# [WHAT YOU WILL DO]
The answer is to be the lines of the material from its start through the line containing "A Little Owl", each copied exactly; no pictures.

# [INFORMATION PROVIDED]
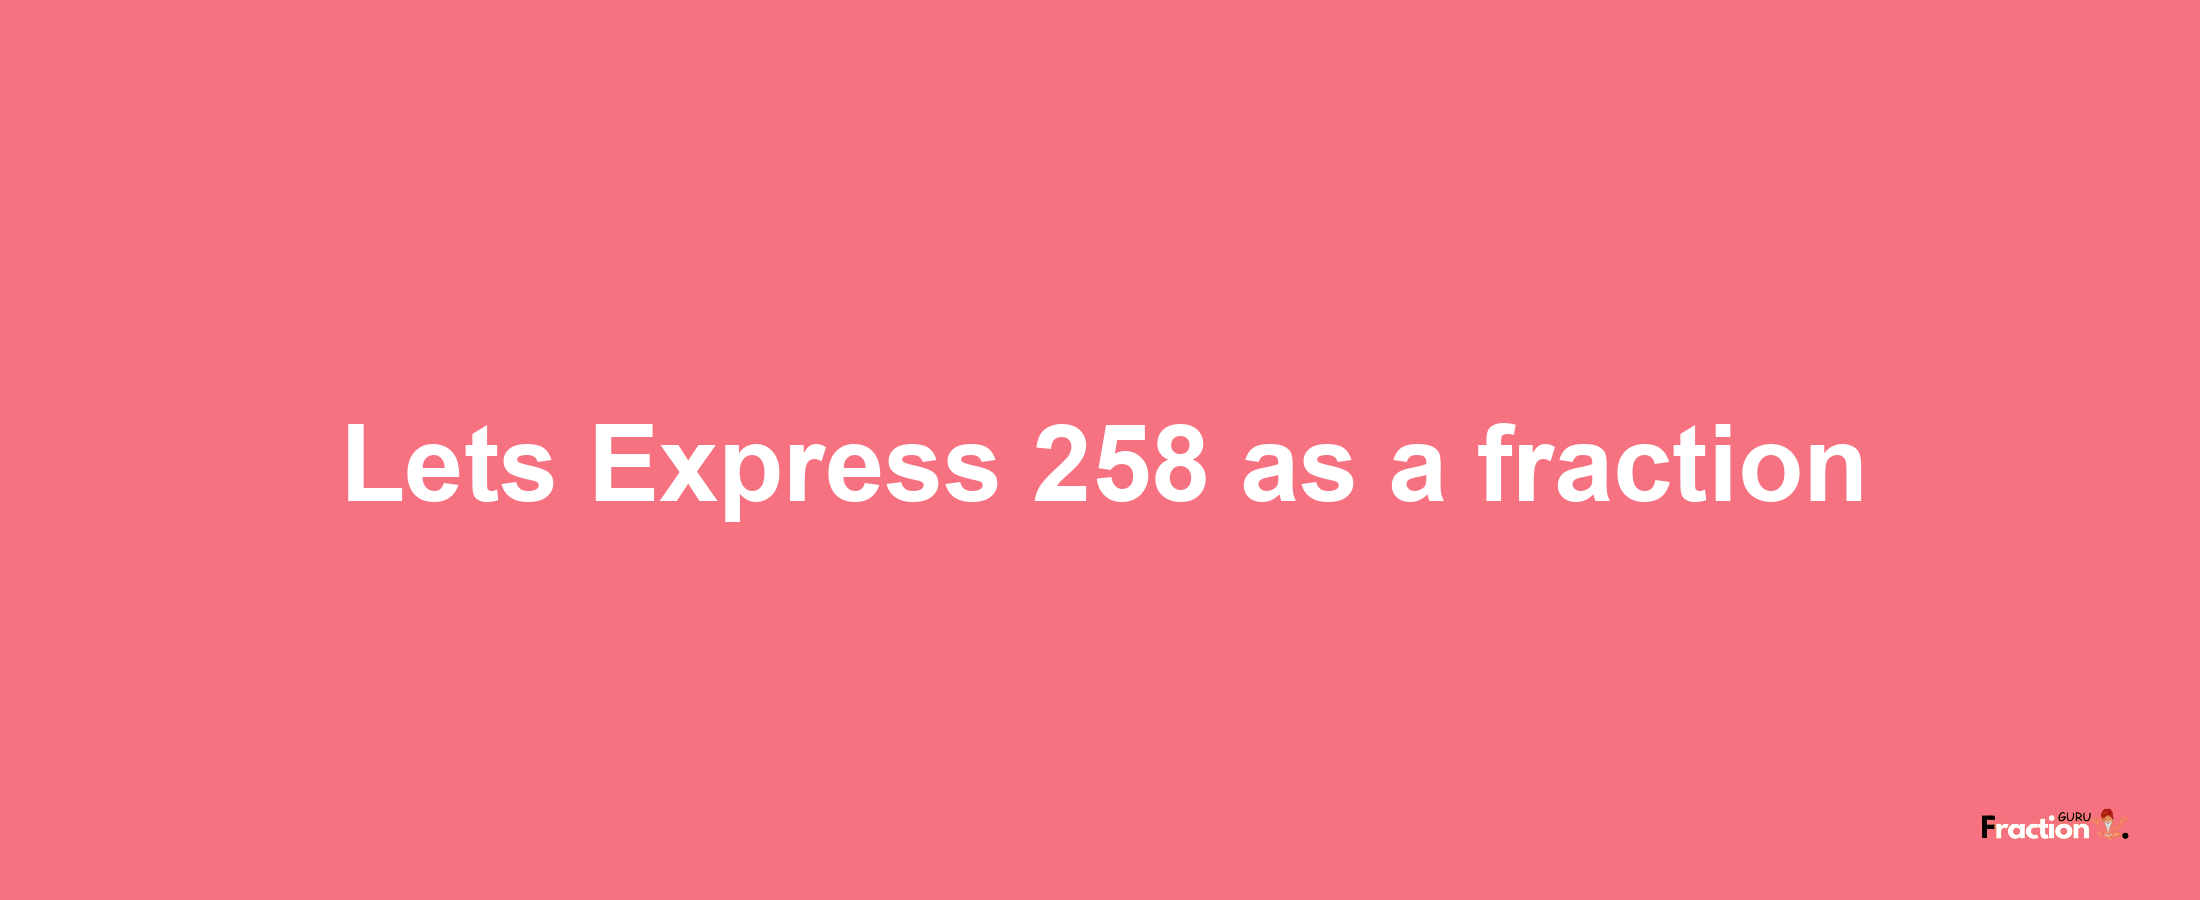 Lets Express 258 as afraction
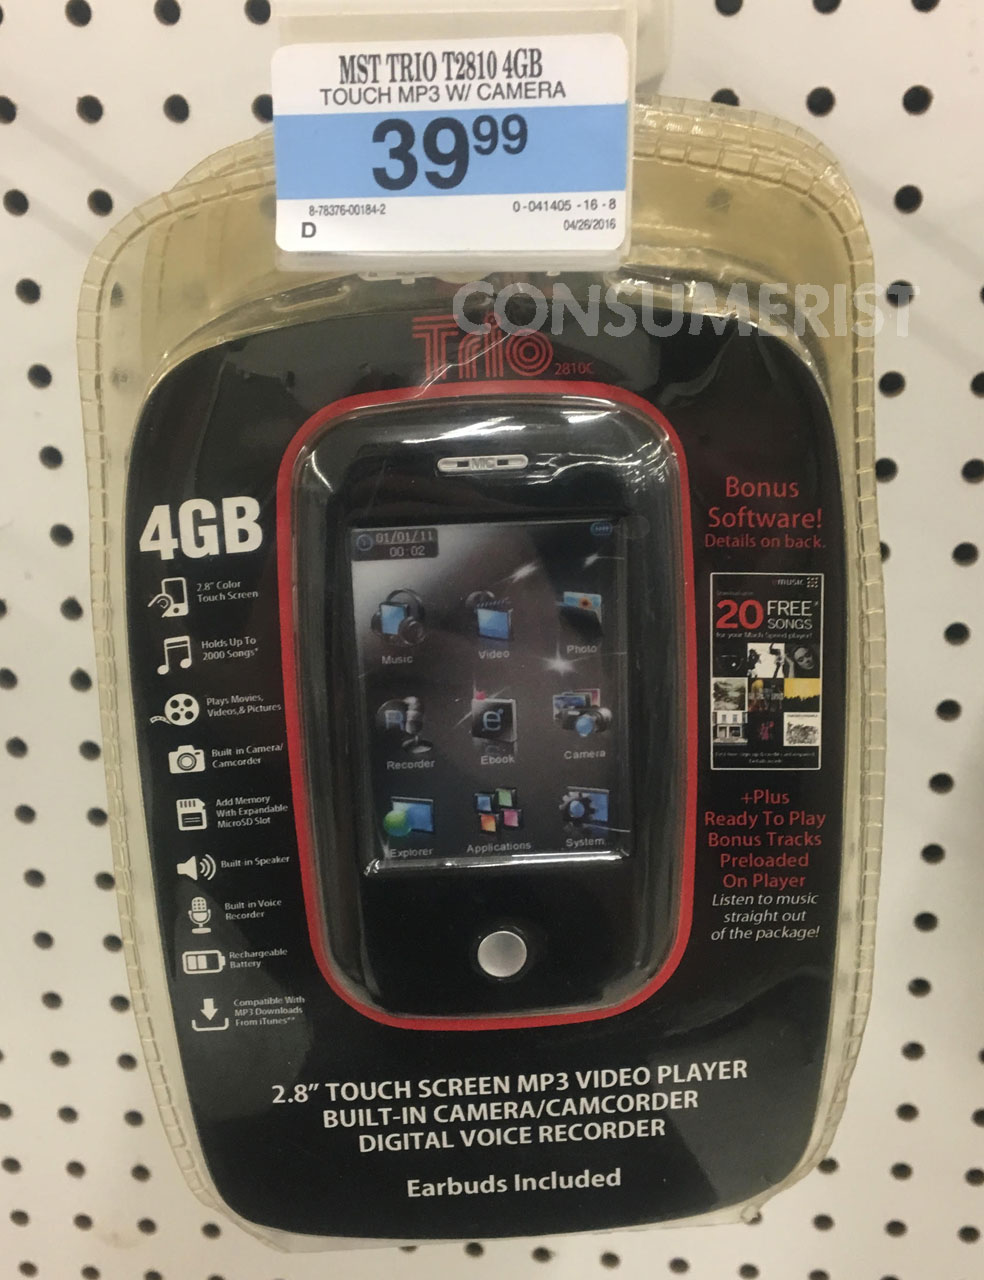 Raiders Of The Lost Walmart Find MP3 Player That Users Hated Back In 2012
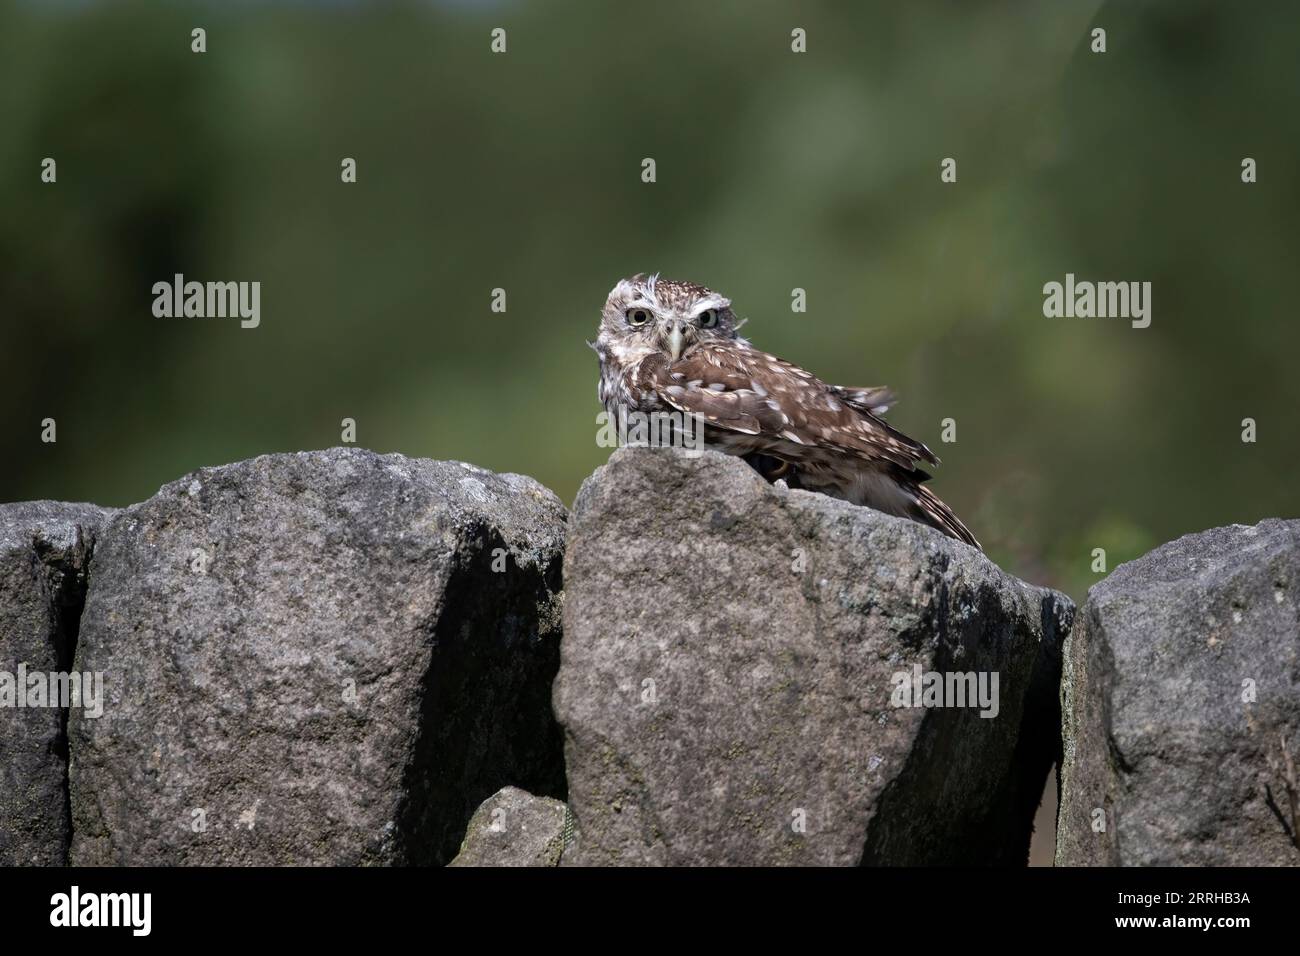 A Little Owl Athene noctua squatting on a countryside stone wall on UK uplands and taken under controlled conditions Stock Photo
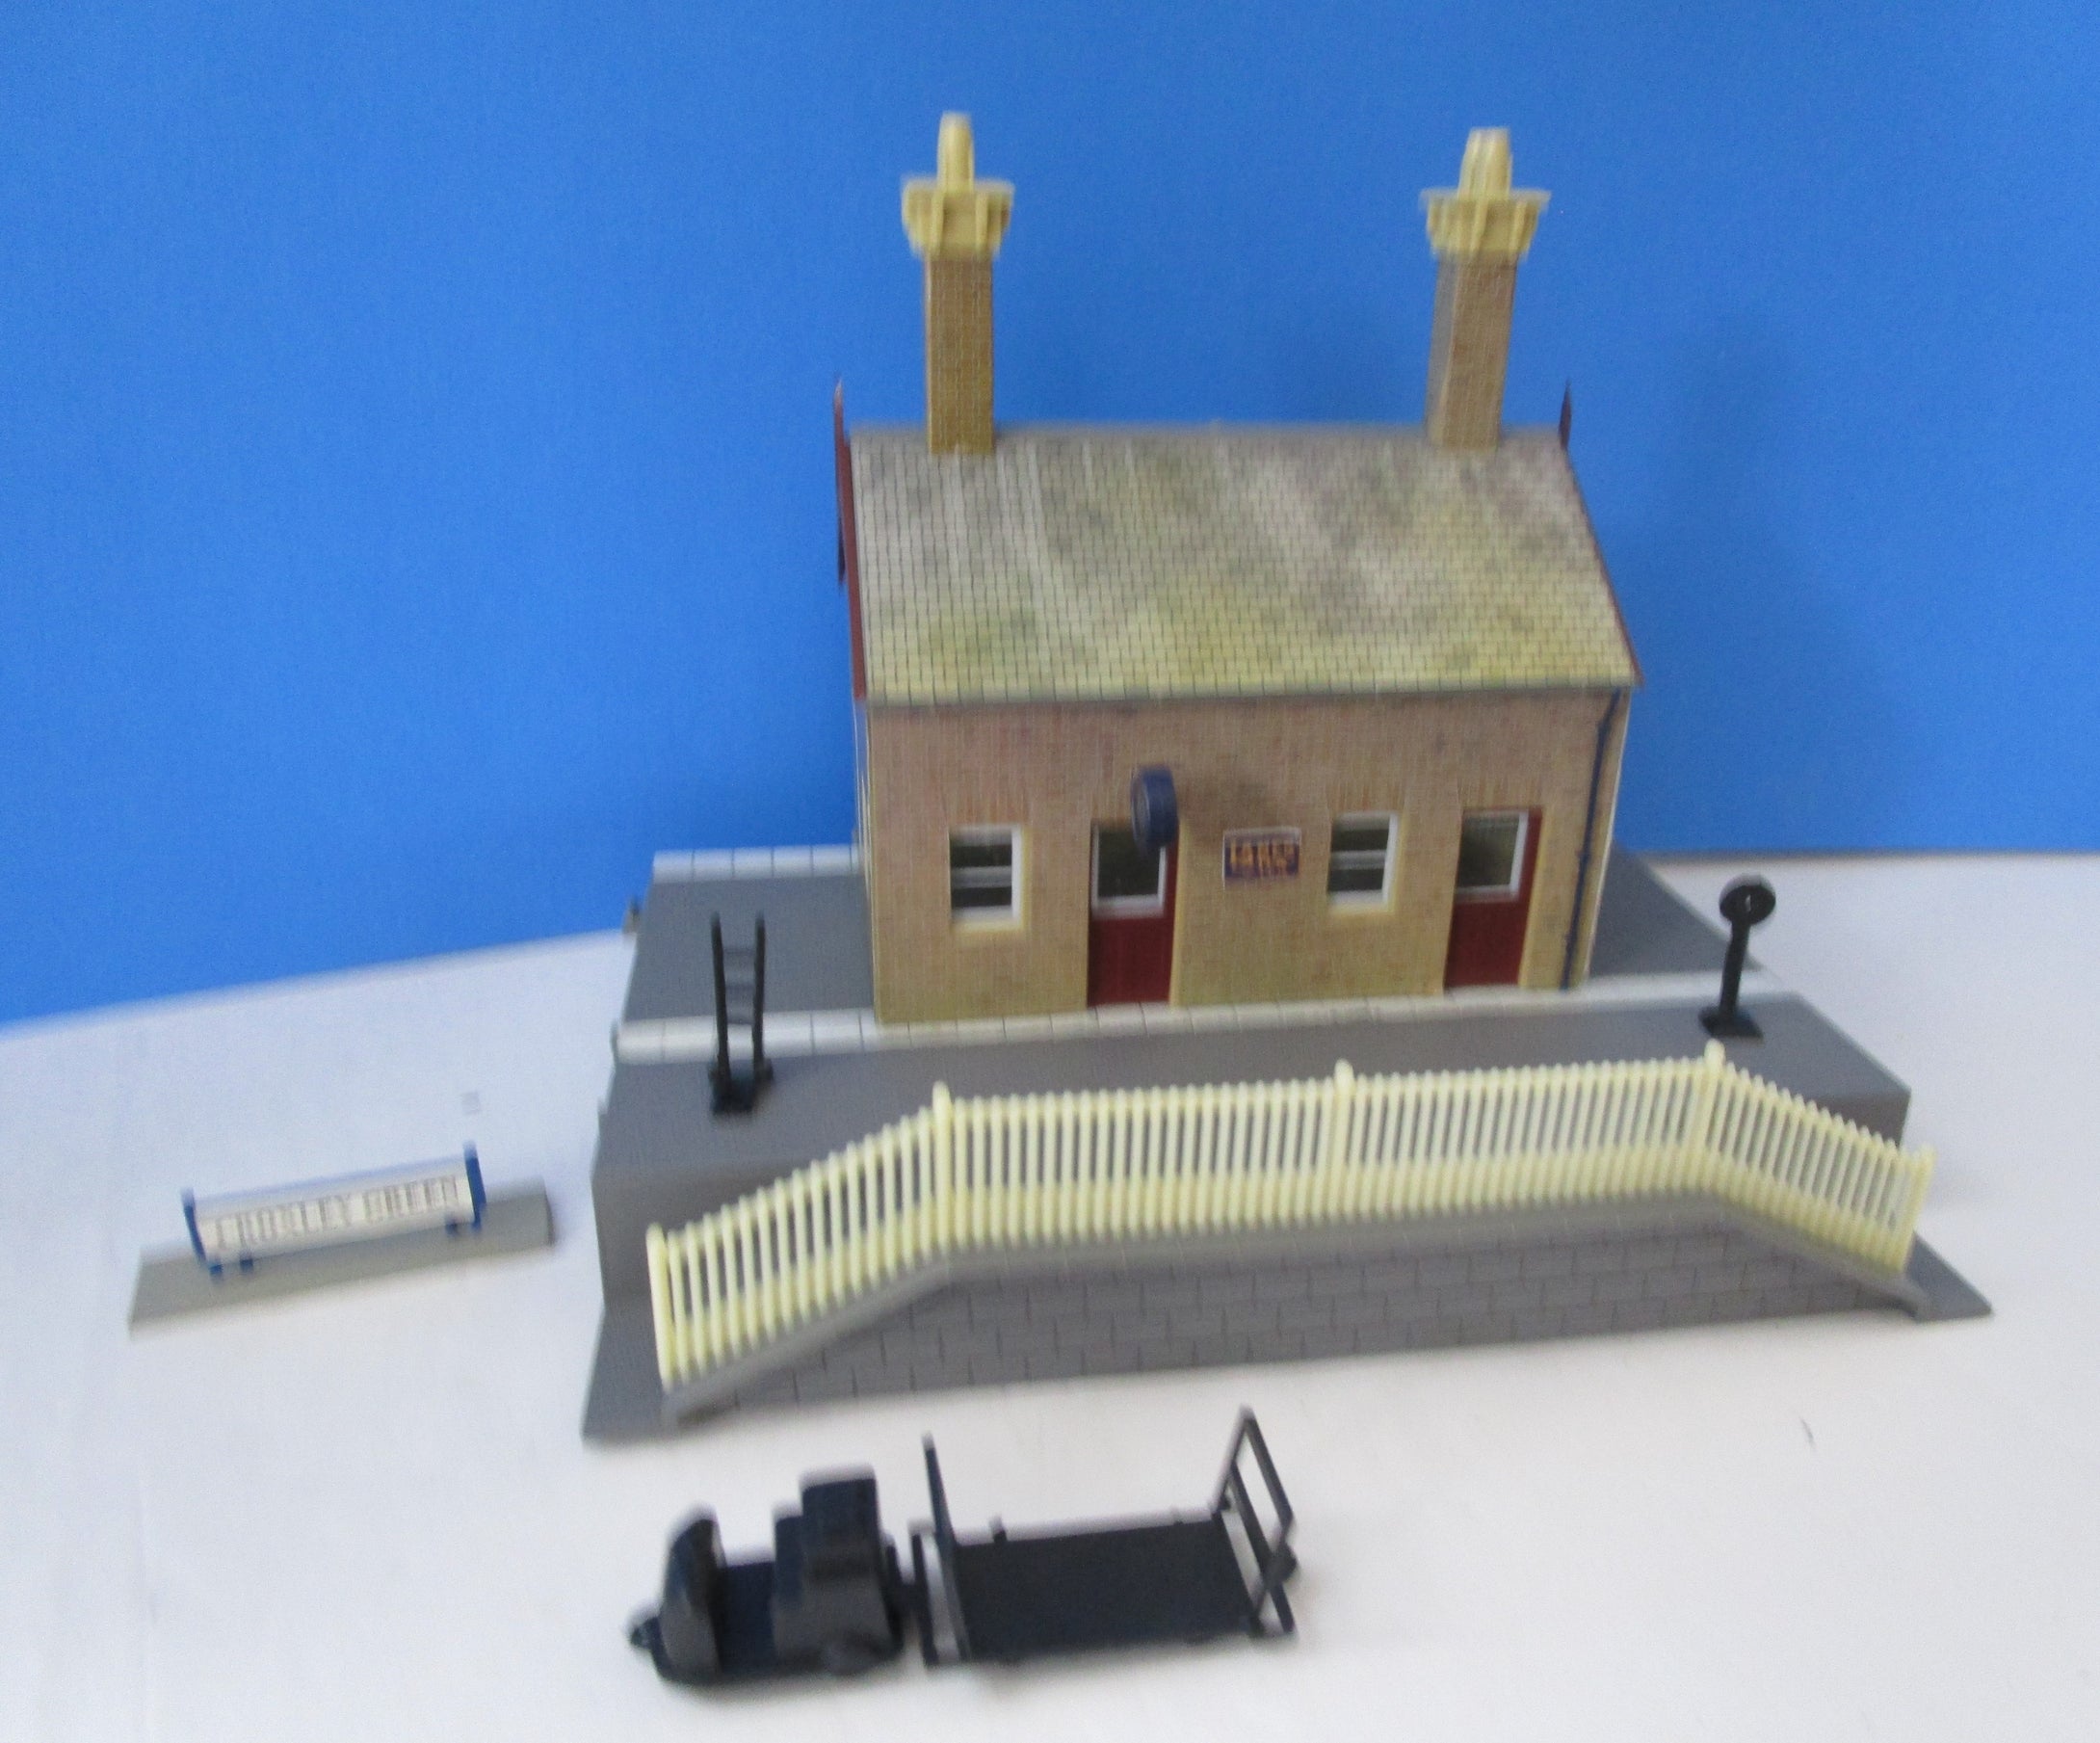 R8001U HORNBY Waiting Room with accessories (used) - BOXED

# [RESPONSE TO THIS TASK]
 Lets Express 258 as afraction
 Raiders Of The Lost Walmart Find MP3 Player That Users Hated Back In 2012
 A Little Owl Athene noctua squatting on a countryside stone wall on UK uplands and taken under controlled conditions Stock Photo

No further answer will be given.